Targeted assembly had fewer chimeric sequences than full assembly
In addition to performances, another potential issue associated with metagenomic assembly of functional genes is the generation of chimeras. Although chimeras were rarely attended in shotgun metagenomes due to the absence of PCR amplification, the assembly of highly similar sequences may also generate chimera-like sequences. Here, multiple chimera detection algorithms were used to detect potential chimeric sequences. The query is predicted to be chimeric if the score of its alignment to the model exceeds a threshold, or classified as unknown if the uncertainty is high. The reference database is provided by the user (uchime_ref and chimera.vsearch) or constructed de novo from the provided sequences (uchime_denovo and chimera.perseus). As a result, when using the uchime_ref mode, both single-sample and multi-sample assembly contained four chimeric sequences and one and three unclassified sequences.
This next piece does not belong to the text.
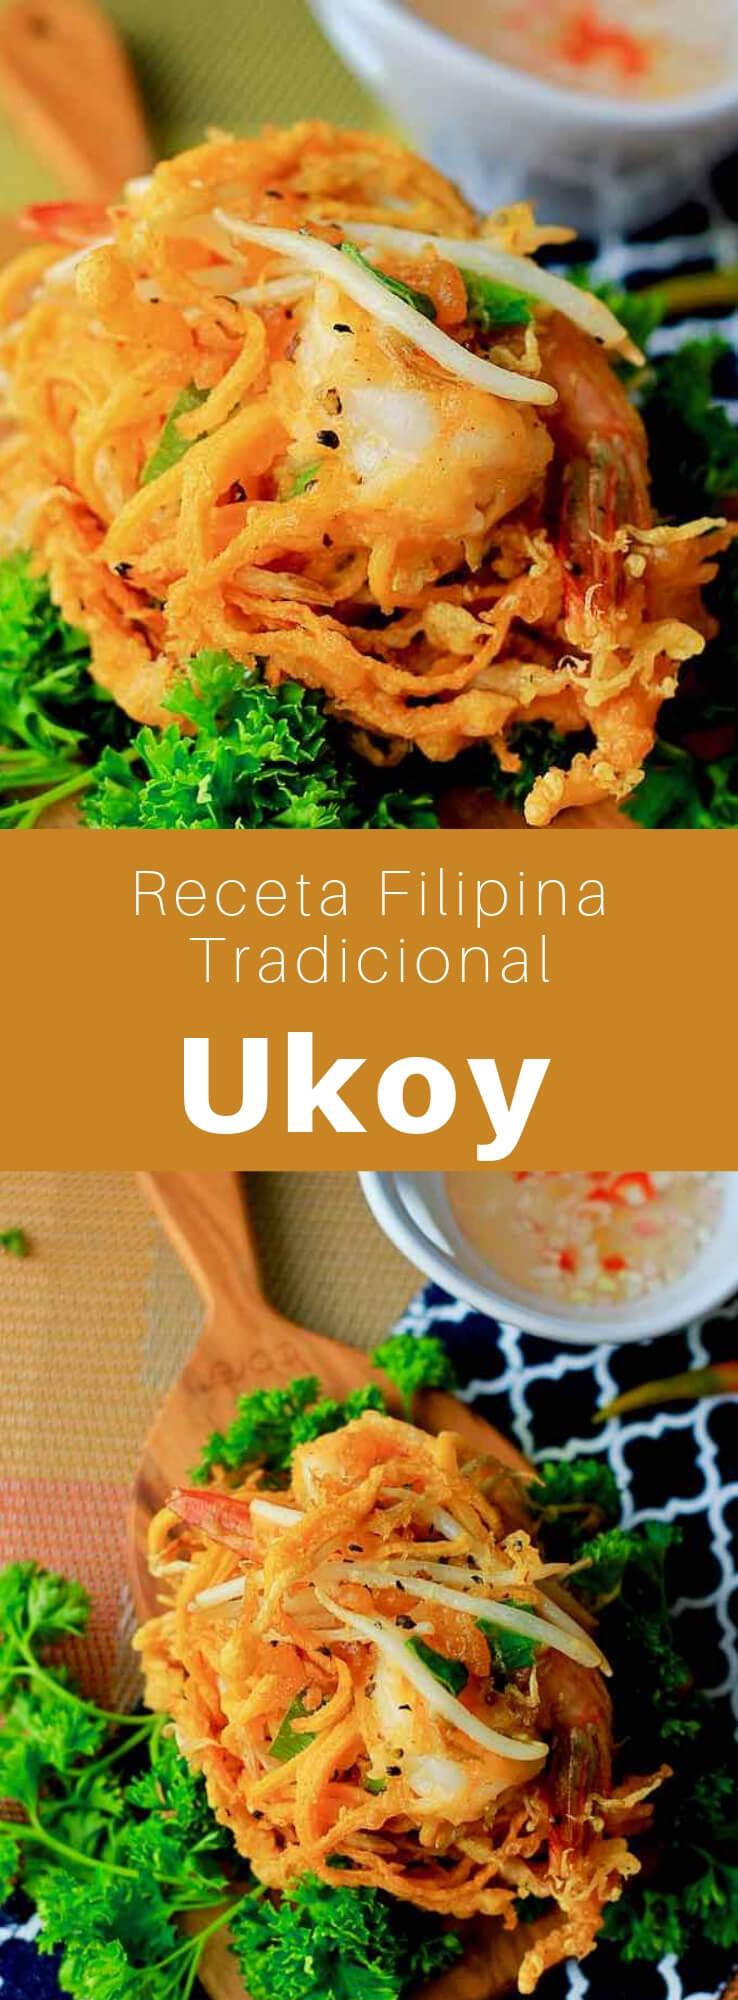 El ukoy u okoy es un pequeño buñuelo crujiente tradicional, popular en Filipinas y Palau, preparado con camarones y verduras. Es popular para desayunar, como aperitivo o tentempié.
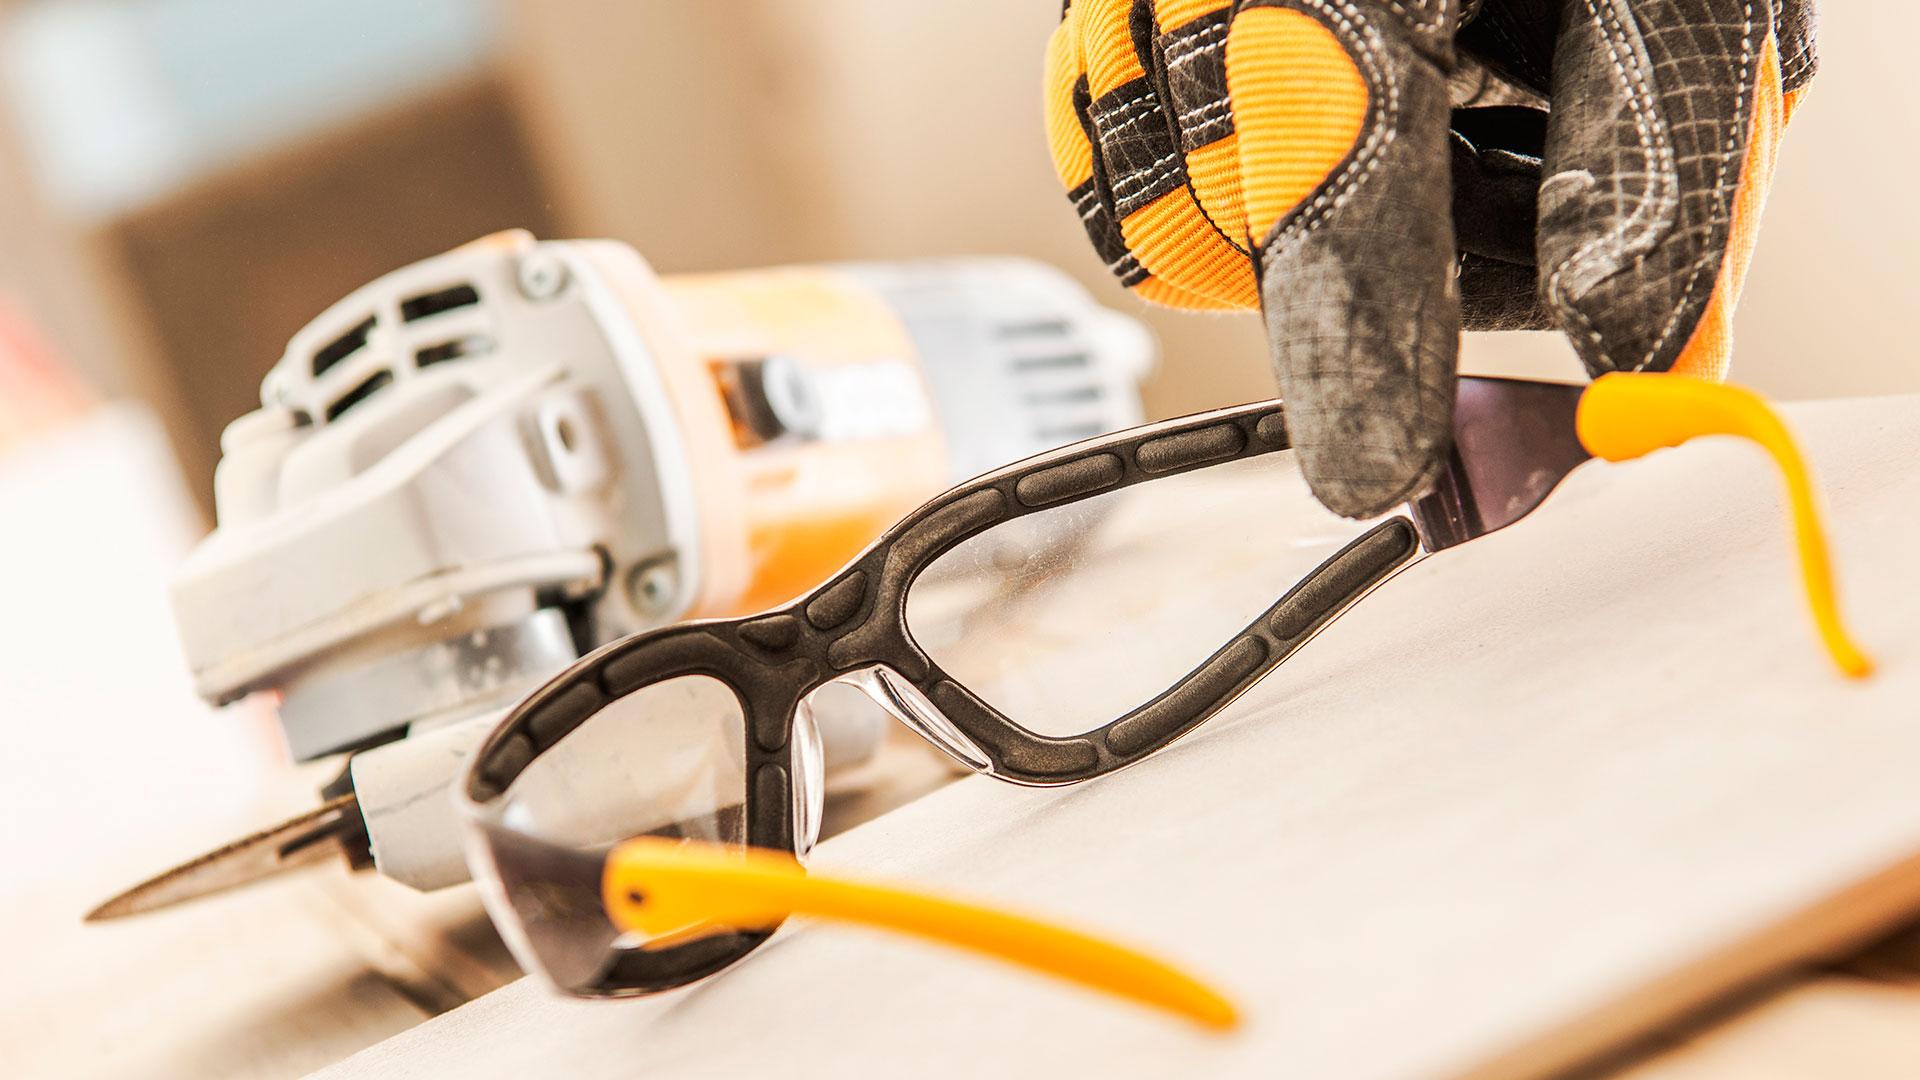 Dicas para limpeza e manutenção do seu óculos de segurança.

In contrast, the targeted assembly produced only non-chimeric sequences (Fig. 3a). When the uchime_denovo mode was used, the number of chimeric sequences detected in the single-sample assembly, multi-sample assembly, and targeted assembly were 4, 9, and 0, respectively. The single-sample and multi-sample assemblies were identified with relatively high proportions of unclassifiable sequences, at 33.3% and 30.6%, respectively, while targeted assembly resulted in a much lower percentage of 12.1%. The proportions of non-chimeric sequences in single-sample assembly, multi-sample assembly, and targeted assembly were respectively 65.8%, 68.7%, and 87.9%, respectively (Fig. 3b). When using chimera.vsearch, five chimeric sequences (0.12%) were detected in the single-sample assembly, two (0.05%) in the multi-sample assembly, and none in the targeted assembly. Accordingly, the proportions of non-chimeric sequences were 99.88%, 99.95%, and 100%, respectively (Fig. S5a). When chimera.perseus was used, no chimeric sequences were detected in any of the three assembly approaches (Fig. S5b). These findings suggested that targeted assembly reduced the likelihood of misassembled reads from different sources.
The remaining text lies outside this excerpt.